____ DATASET EXTRACT

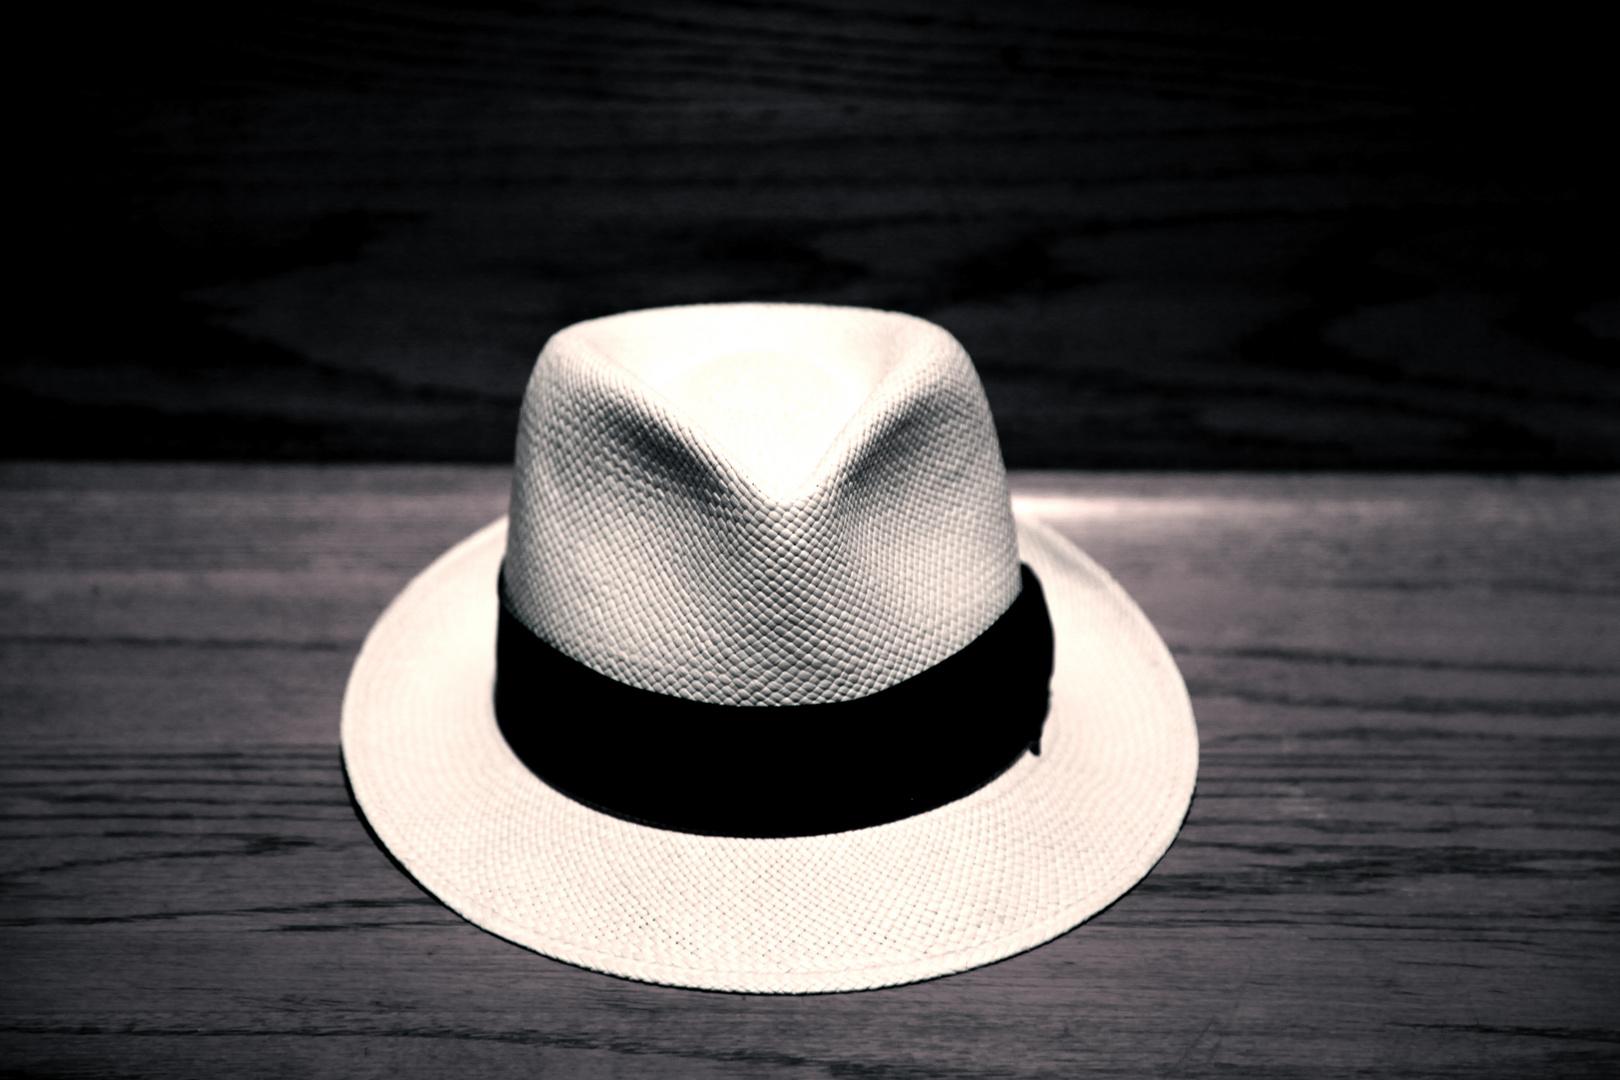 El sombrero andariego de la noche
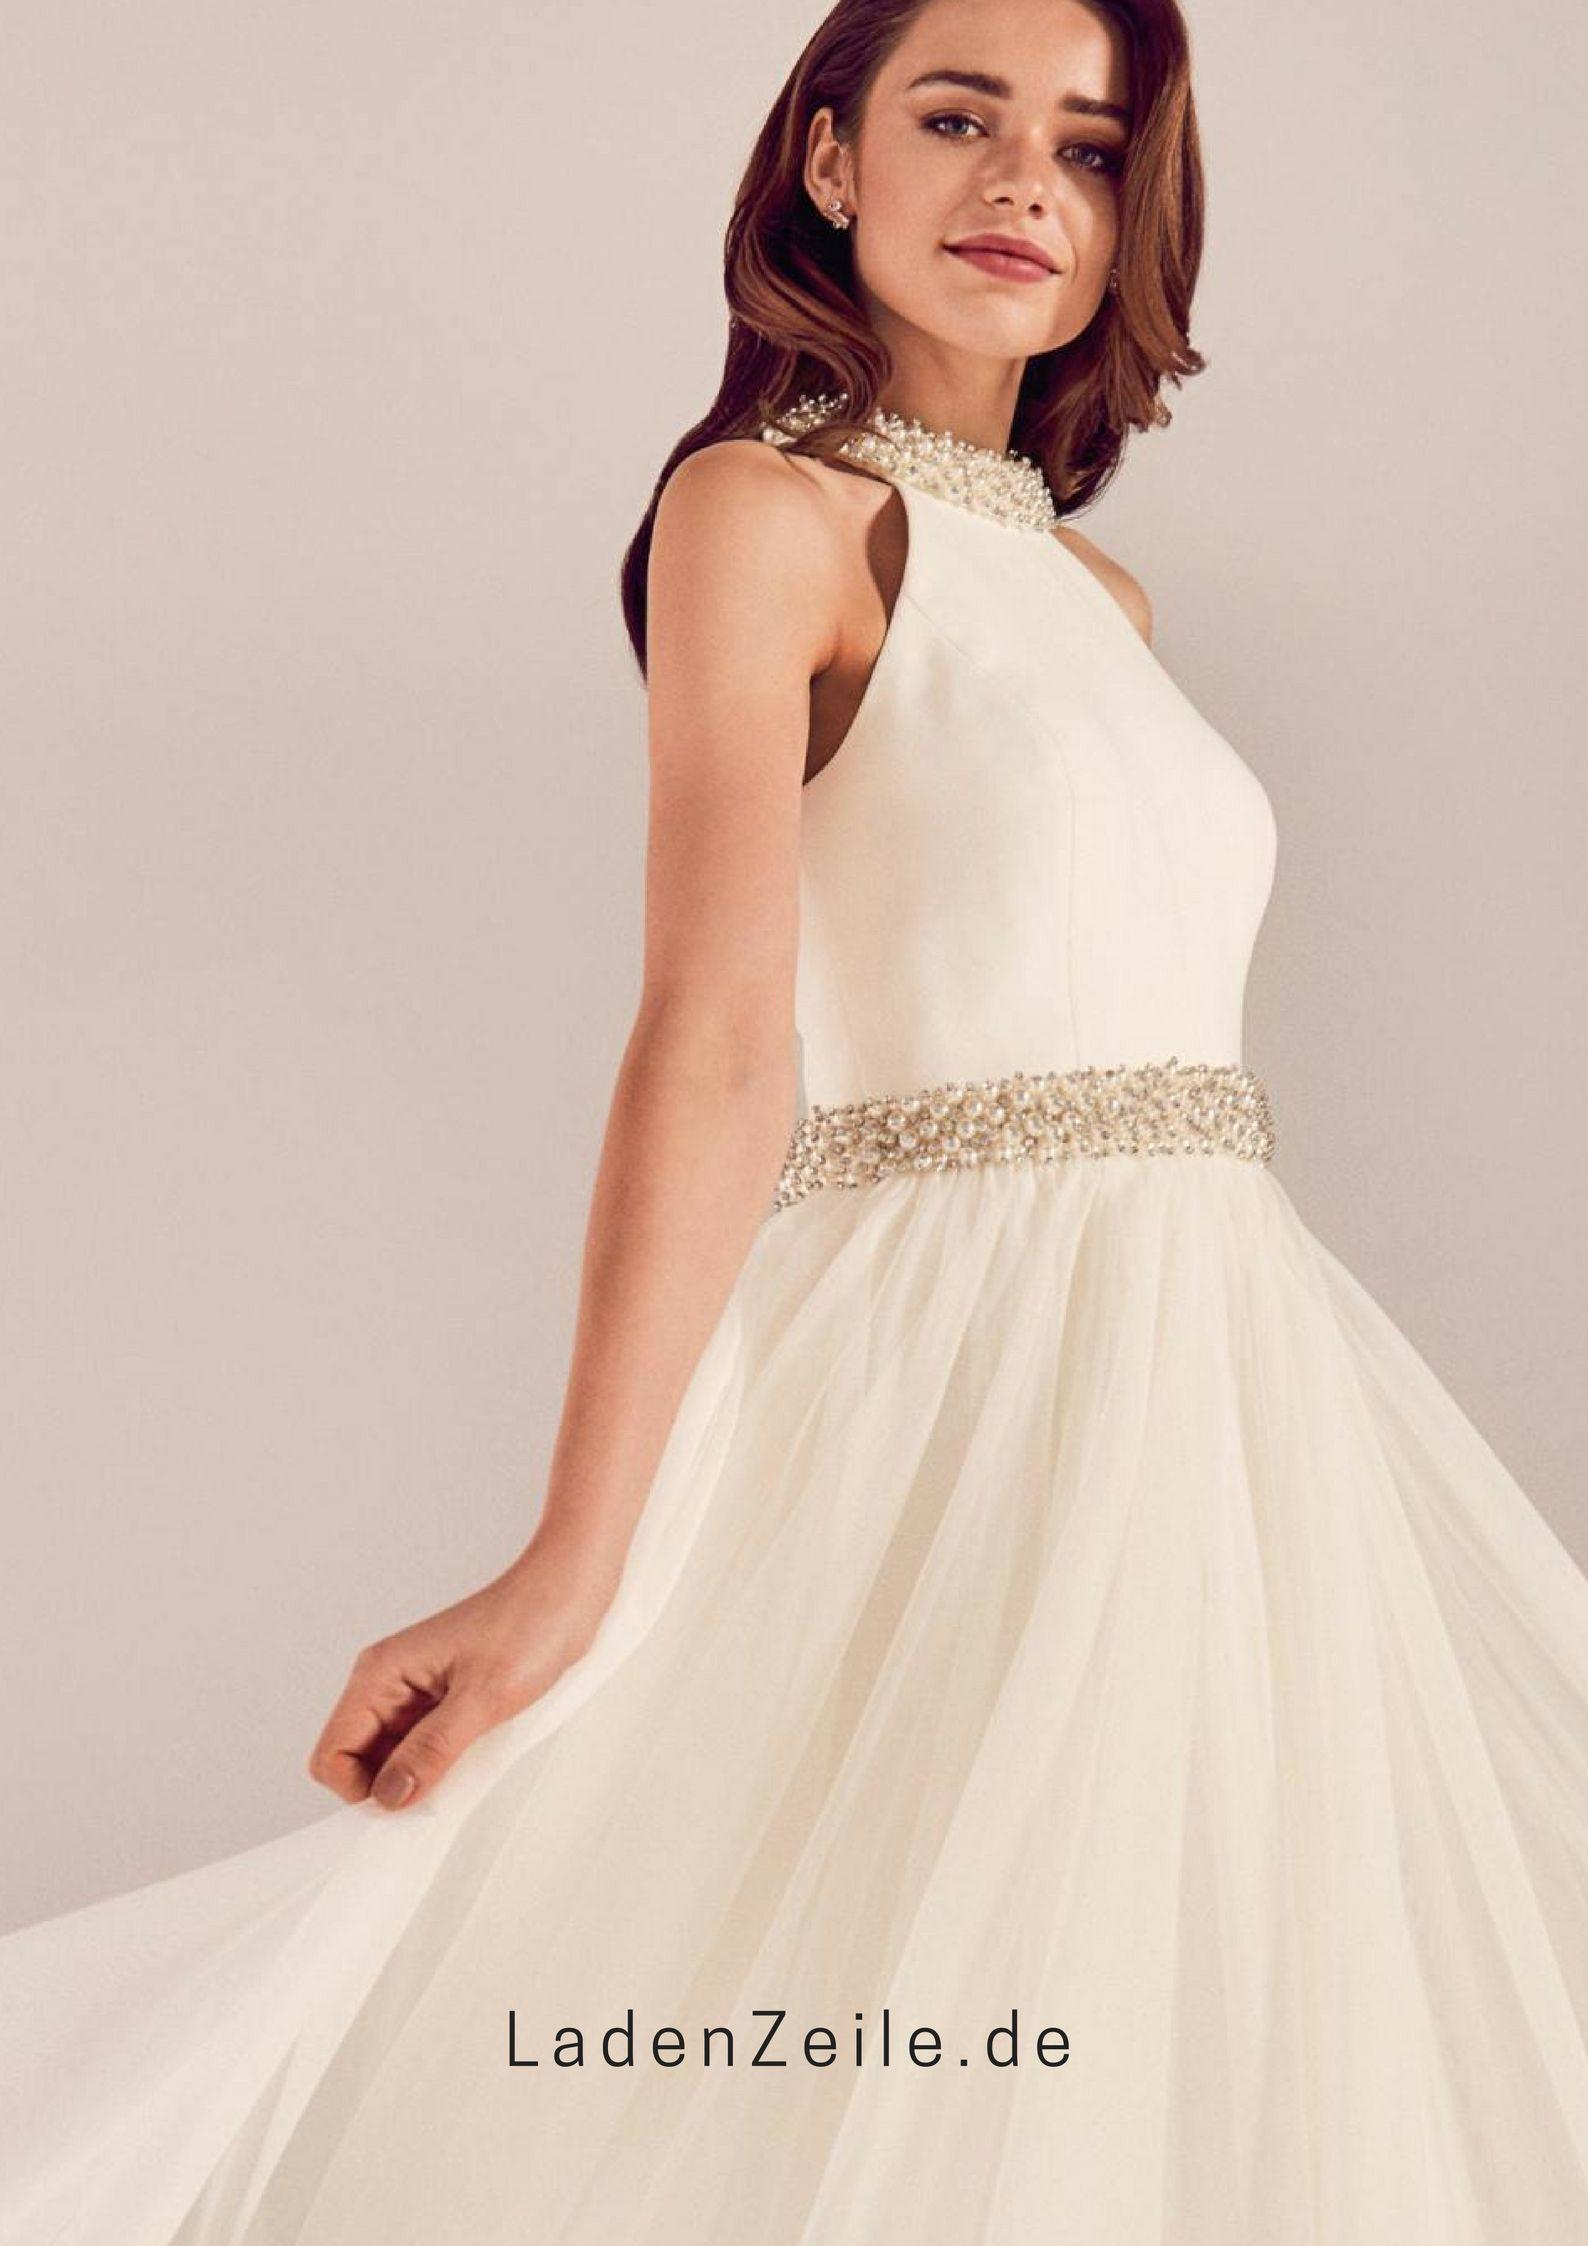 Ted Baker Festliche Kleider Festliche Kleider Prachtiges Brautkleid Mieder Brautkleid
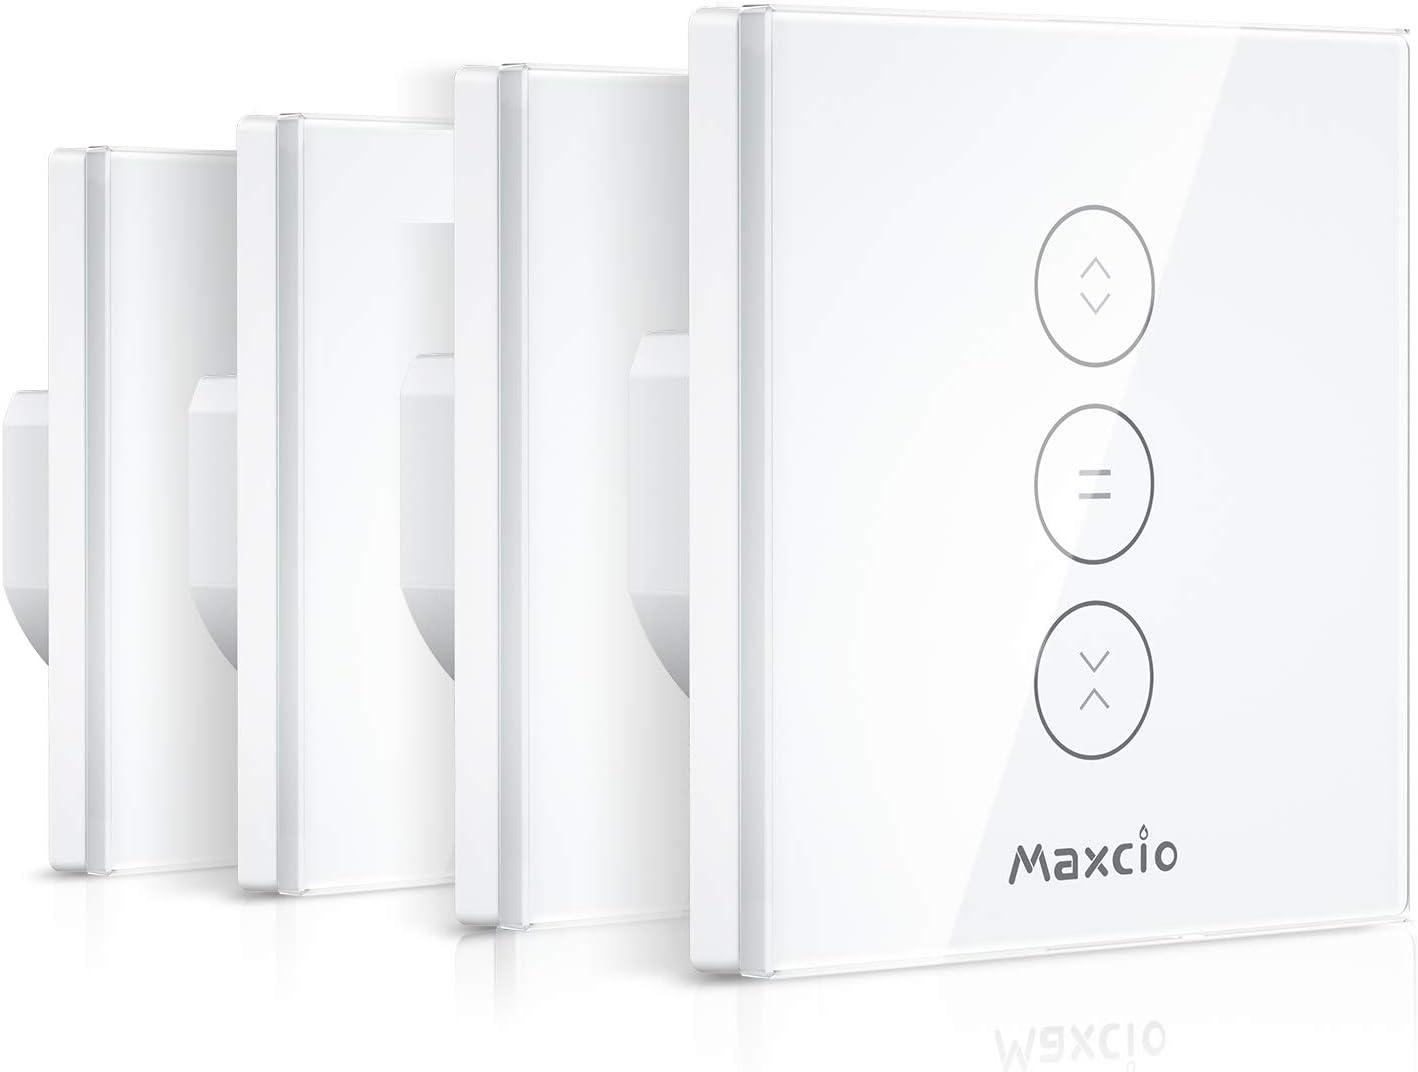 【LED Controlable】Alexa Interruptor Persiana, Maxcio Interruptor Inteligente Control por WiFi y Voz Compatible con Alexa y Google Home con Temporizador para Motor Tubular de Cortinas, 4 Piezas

________

## WORK TO COMPLETE
Copy the listing above verbatim; the pictures it contains are to stay out.

## WRITTEN SOLUTION
 El sombrero andariego de la noche
 Ted Baker Festliche Kleider Festliche Kleider Prachtiges Brautkleid Mieder Brautkleid
 【LED Controlable】Alexa Interruptor Persiana, Maxcio Interruptor Inteligente Control por WiFi y Voz Compatible con Alexa y Google Home con Temporizador para Motor Tubular de Cortinas, 4 Piezas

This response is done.